In the material below, find the line containing "Босвеллия Плюс.Boswellia Plus." and the line containing "Italy Vacation - Day 1: Rome - 9.9.13 (56)". Output those two lines and all lines between them exactly, without pictures.

----- Data for review -----

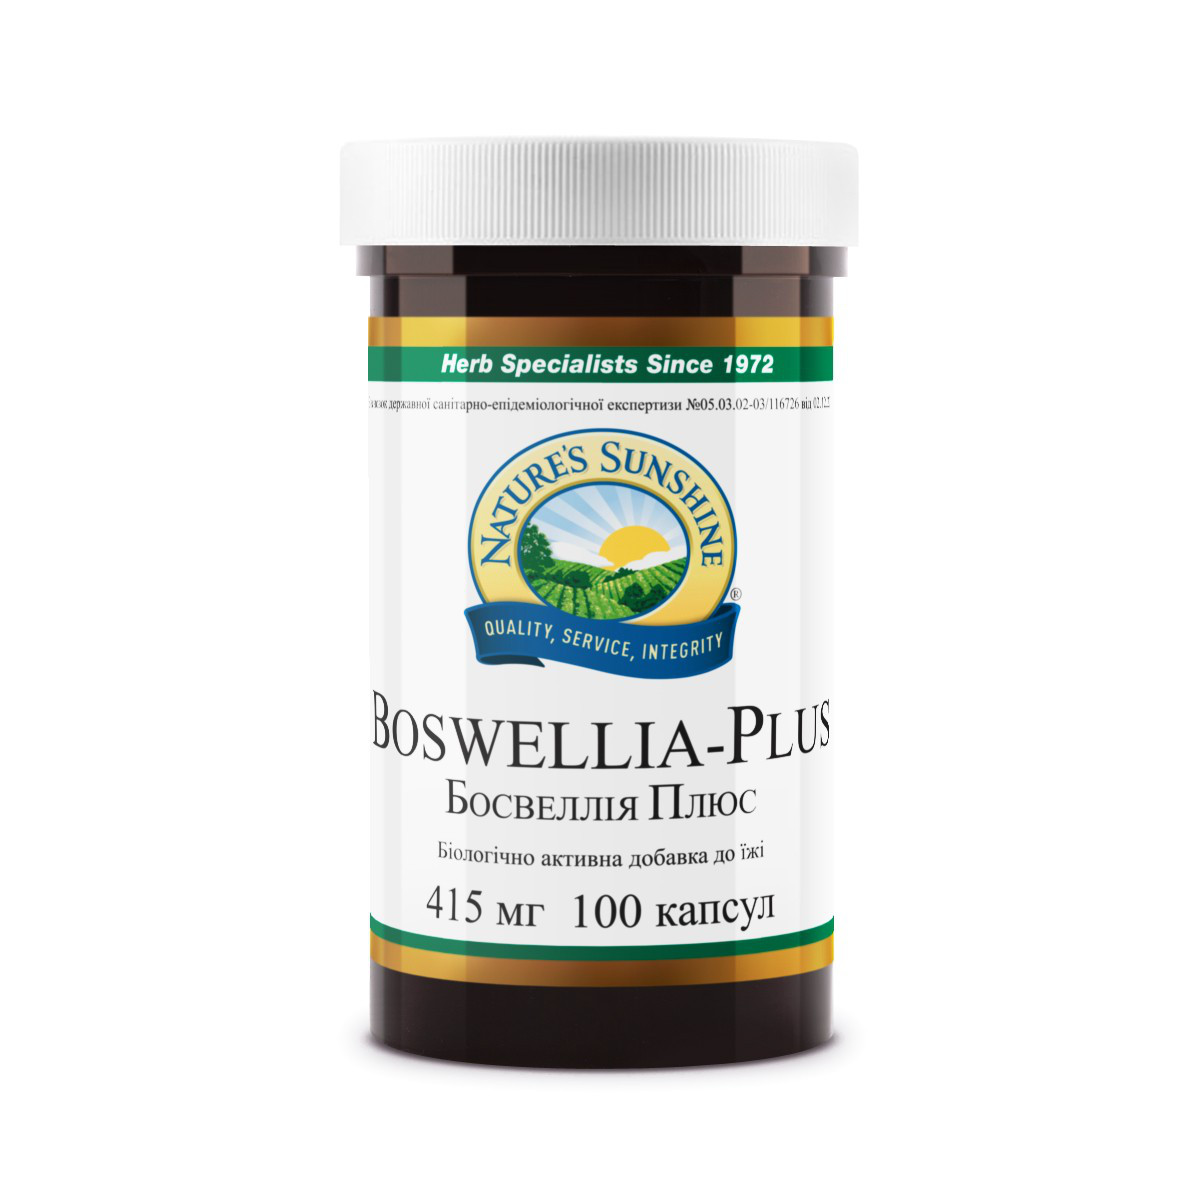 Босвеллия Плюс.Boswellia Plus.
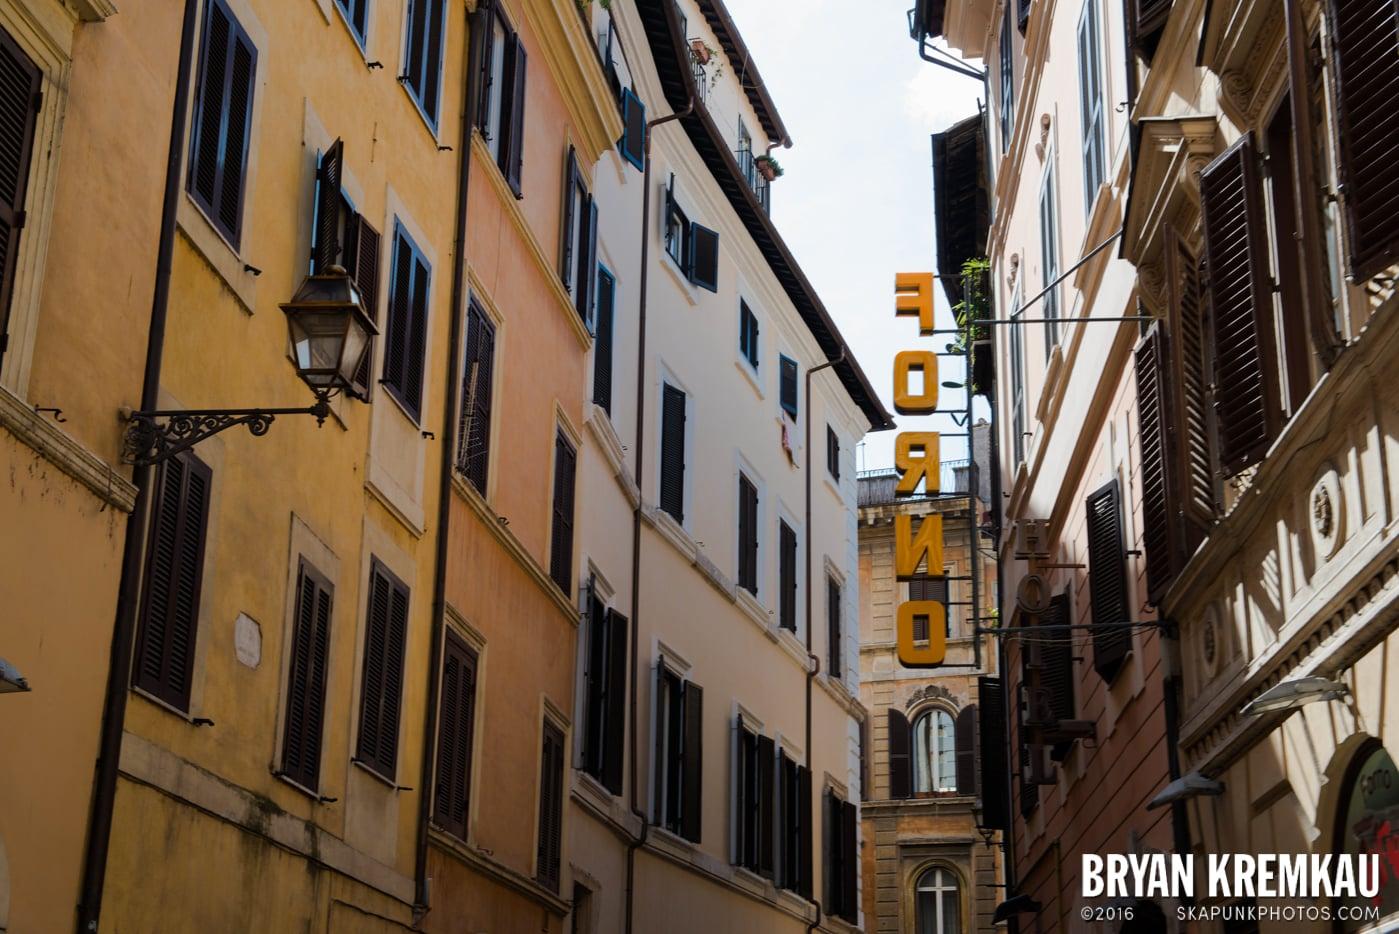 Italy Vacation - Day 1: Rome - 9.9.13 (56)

-----
----- Data for review -----

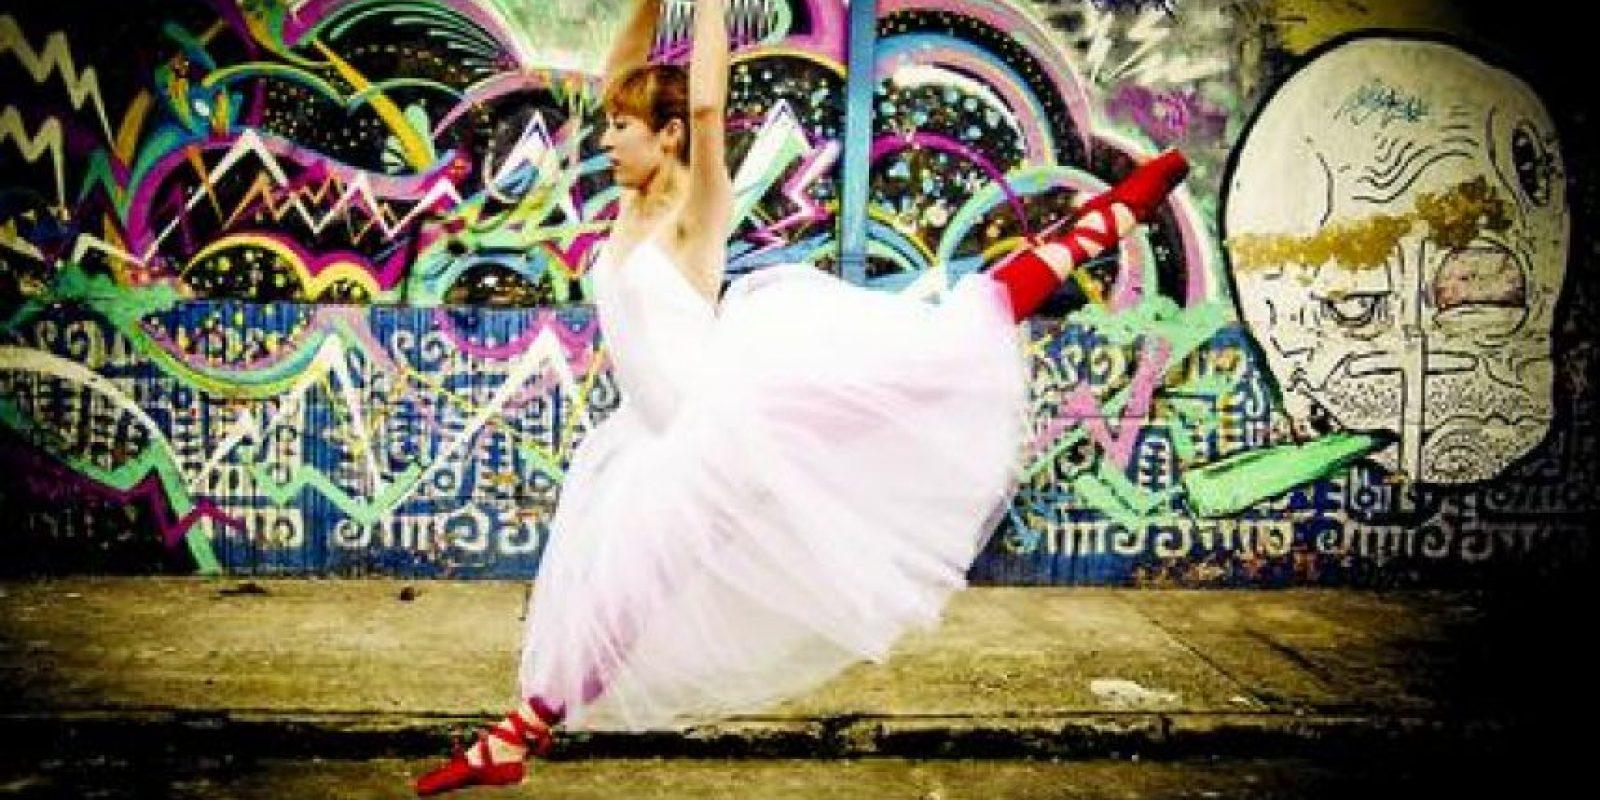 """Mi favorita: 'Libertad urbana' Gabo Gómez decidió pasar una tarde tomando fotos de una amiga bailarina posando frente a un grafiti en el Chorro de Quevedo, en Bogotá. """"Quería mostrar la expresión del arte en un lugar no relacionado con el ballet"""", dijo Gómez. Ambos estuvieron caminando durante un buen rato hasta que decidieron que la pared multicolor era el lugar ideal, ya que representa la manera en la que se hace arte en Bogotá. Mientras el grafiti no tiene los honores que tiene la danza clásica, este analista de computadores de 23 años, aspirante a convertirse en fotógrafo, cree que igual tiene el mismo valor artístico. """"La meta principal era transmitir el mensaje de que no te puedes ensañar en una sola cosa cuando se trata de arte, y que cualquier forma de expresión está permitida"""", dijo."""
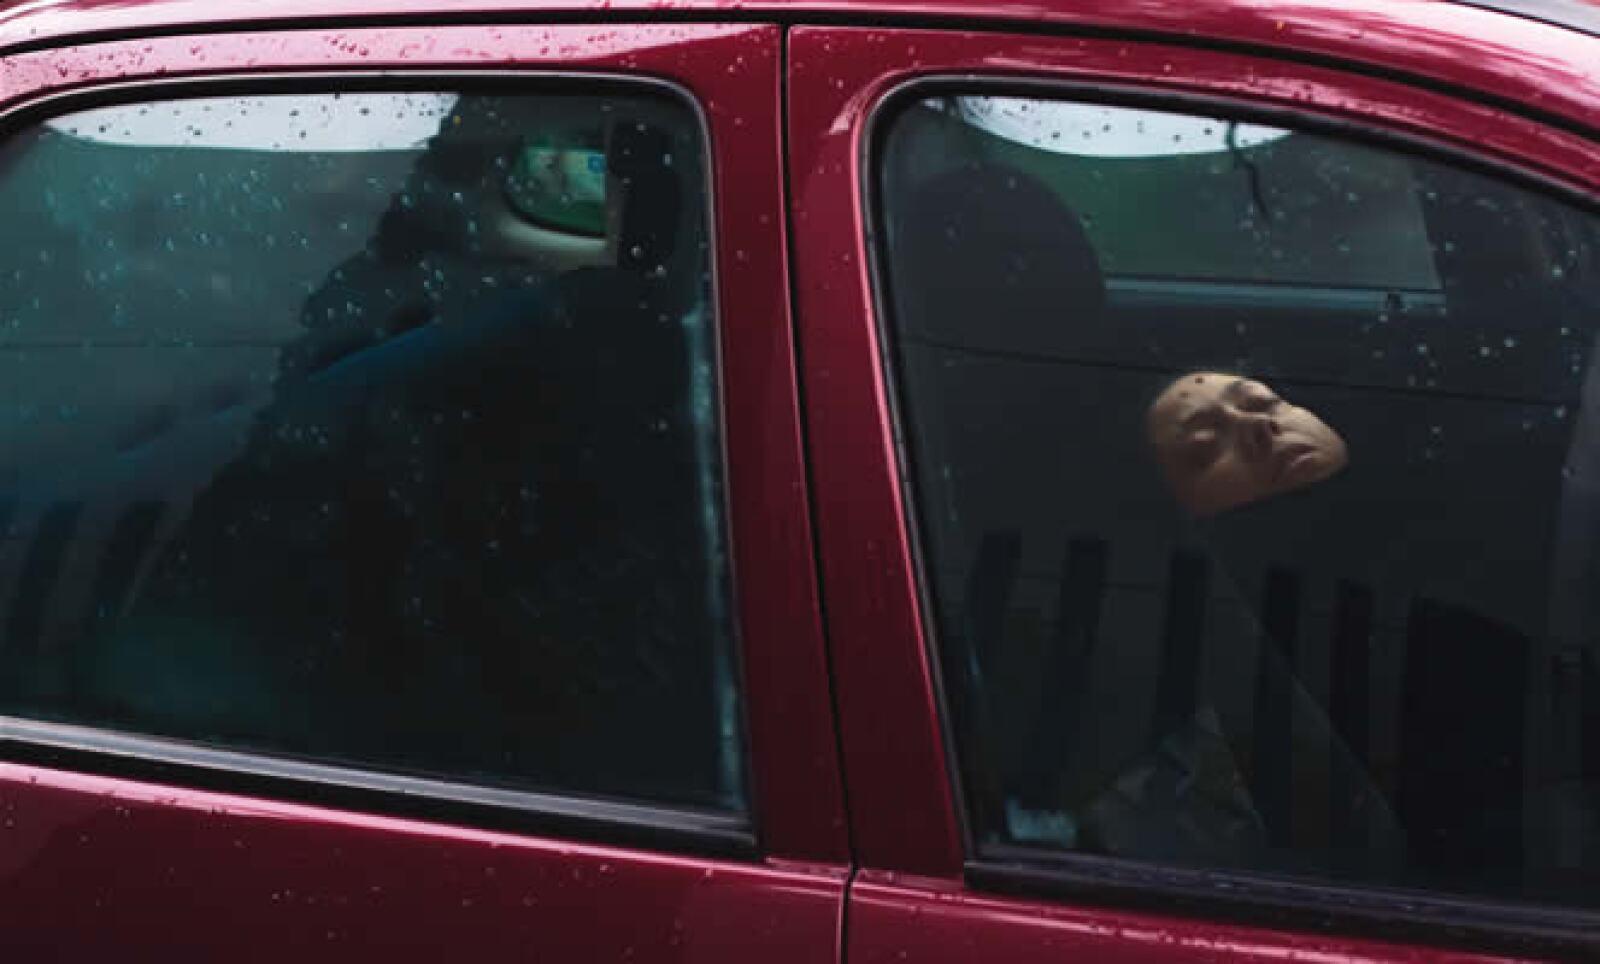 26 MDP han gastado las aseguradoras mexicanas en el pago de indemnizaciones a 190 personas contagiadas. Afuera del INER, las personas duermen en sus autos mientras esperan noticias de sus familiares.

-----
----- Data for review -----

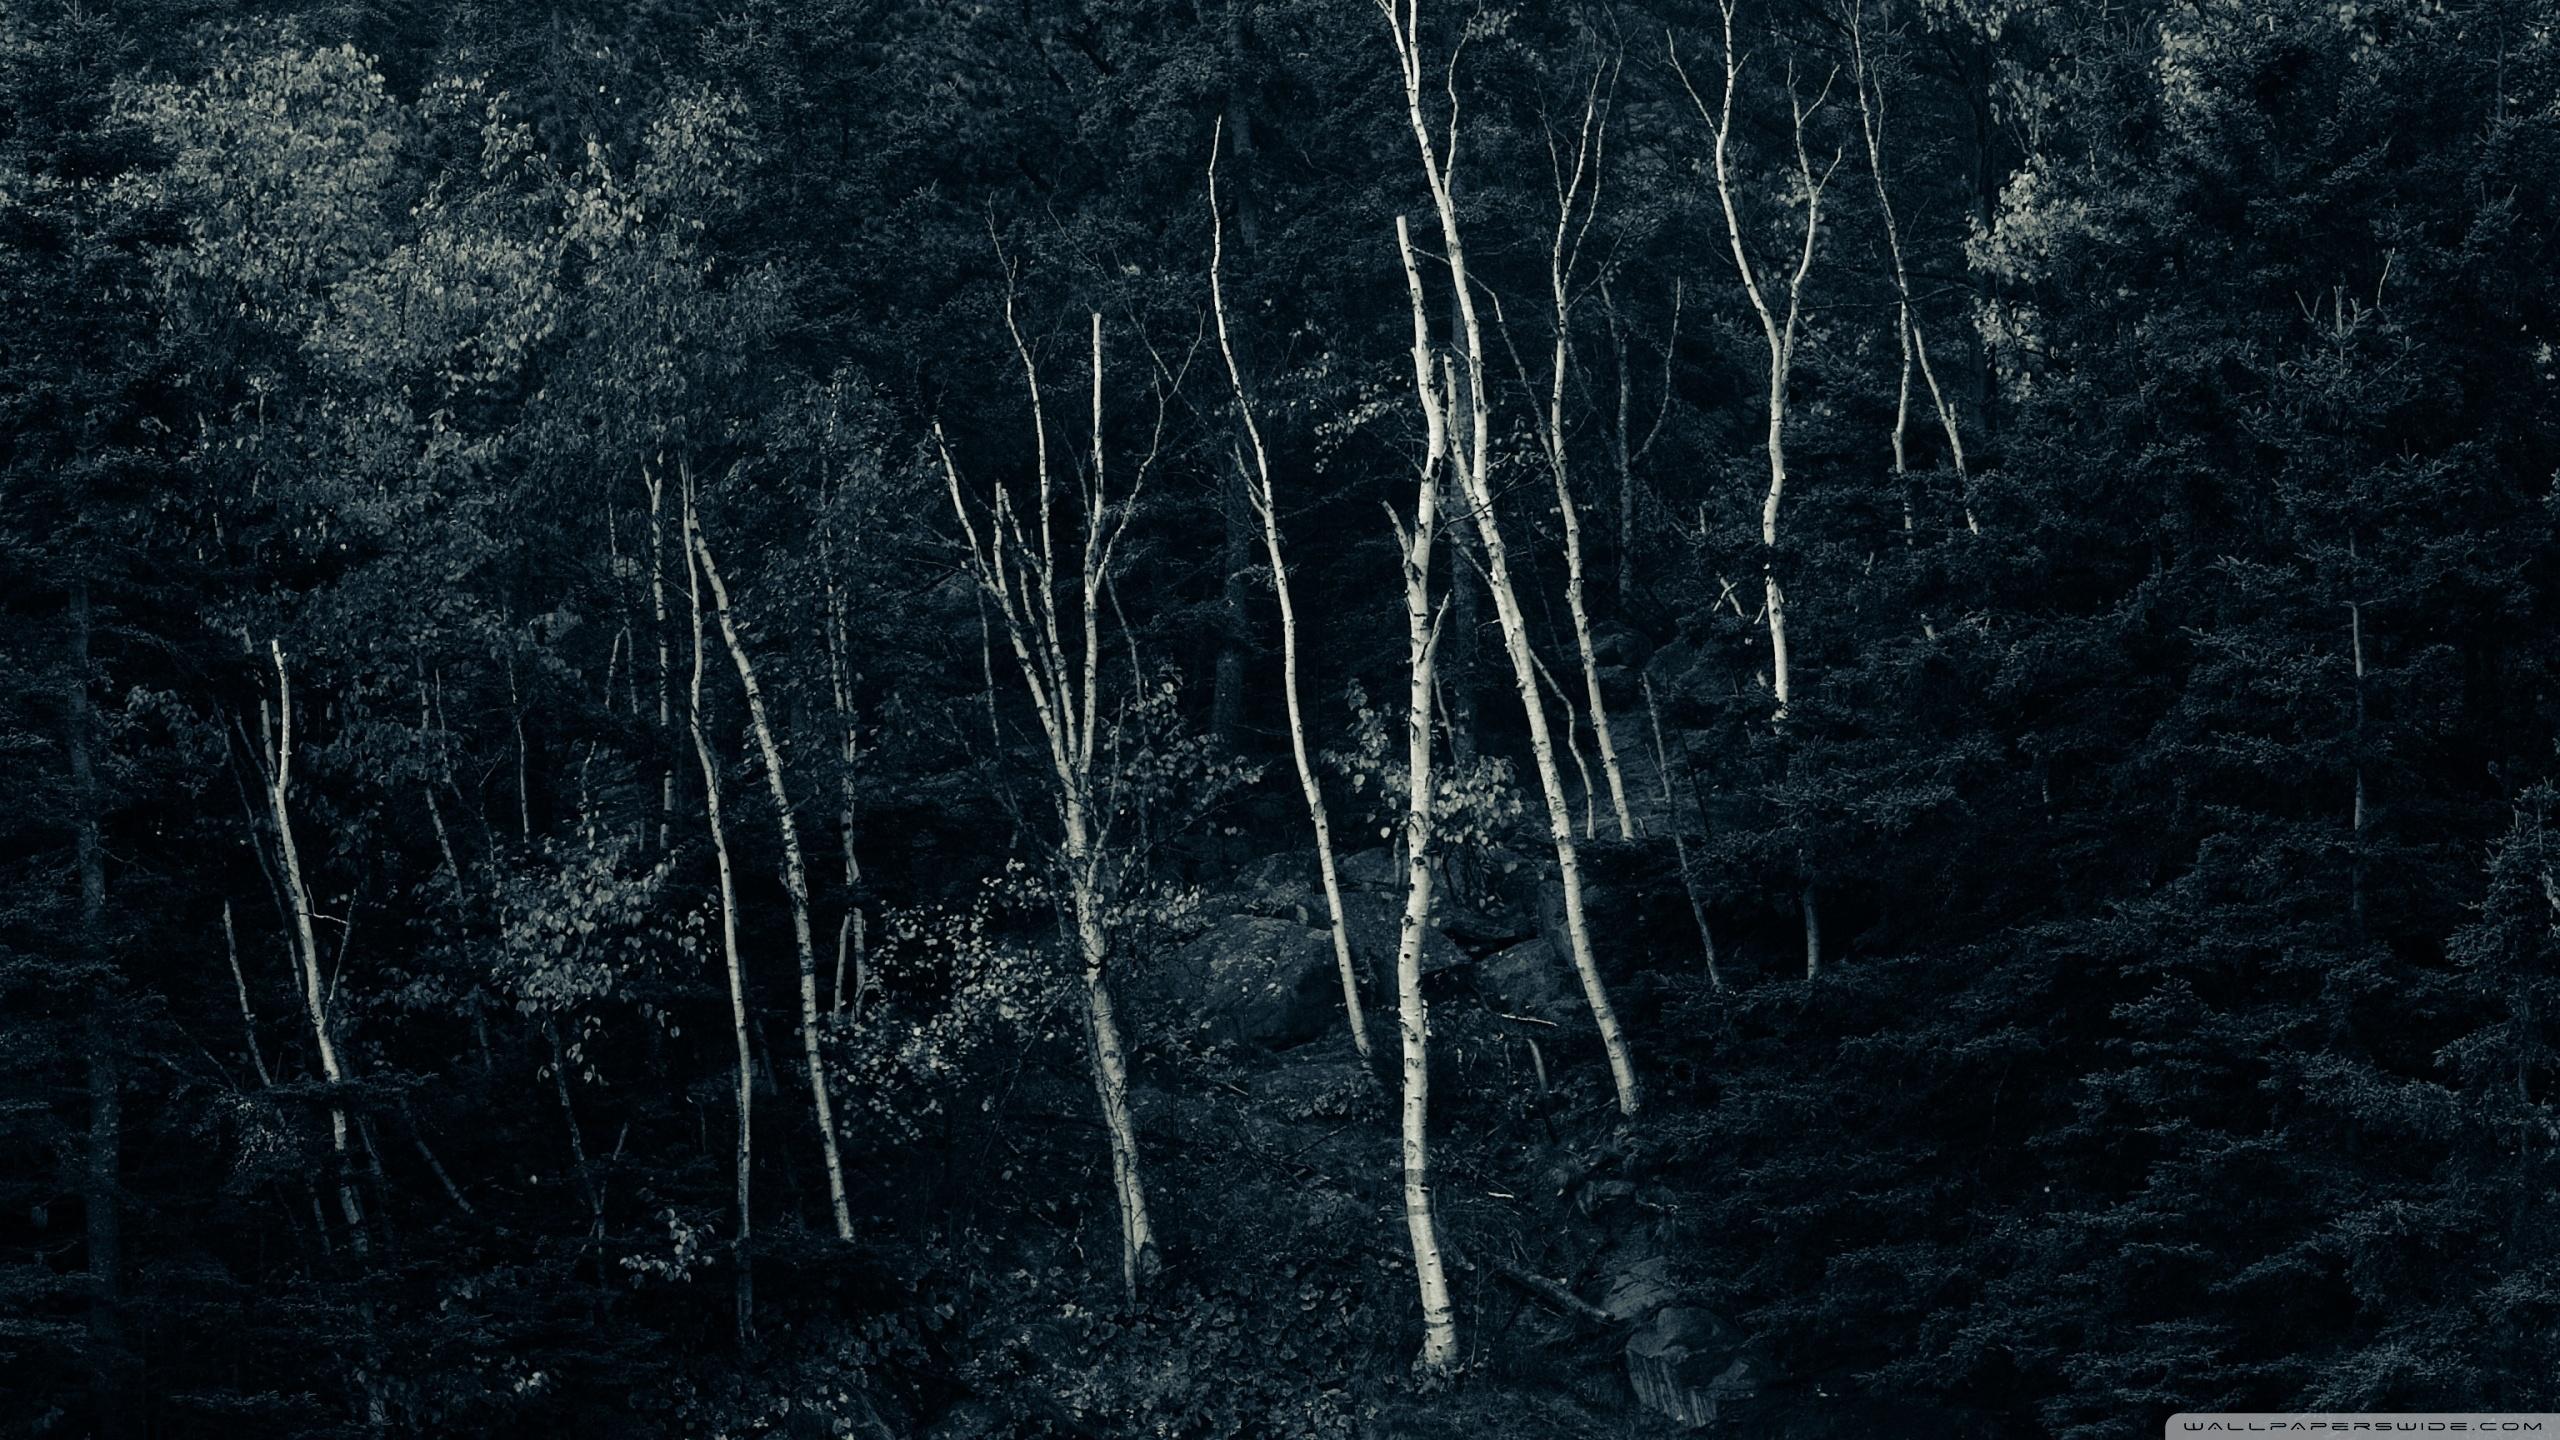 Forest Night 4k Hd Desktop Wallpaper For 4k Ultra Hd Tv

-----

#### [Result of this exercise]
 Босвеллия Плюс.Boswellia Plus.
 Italy Vacation - Day 1: Rome - 9.9.13 (56)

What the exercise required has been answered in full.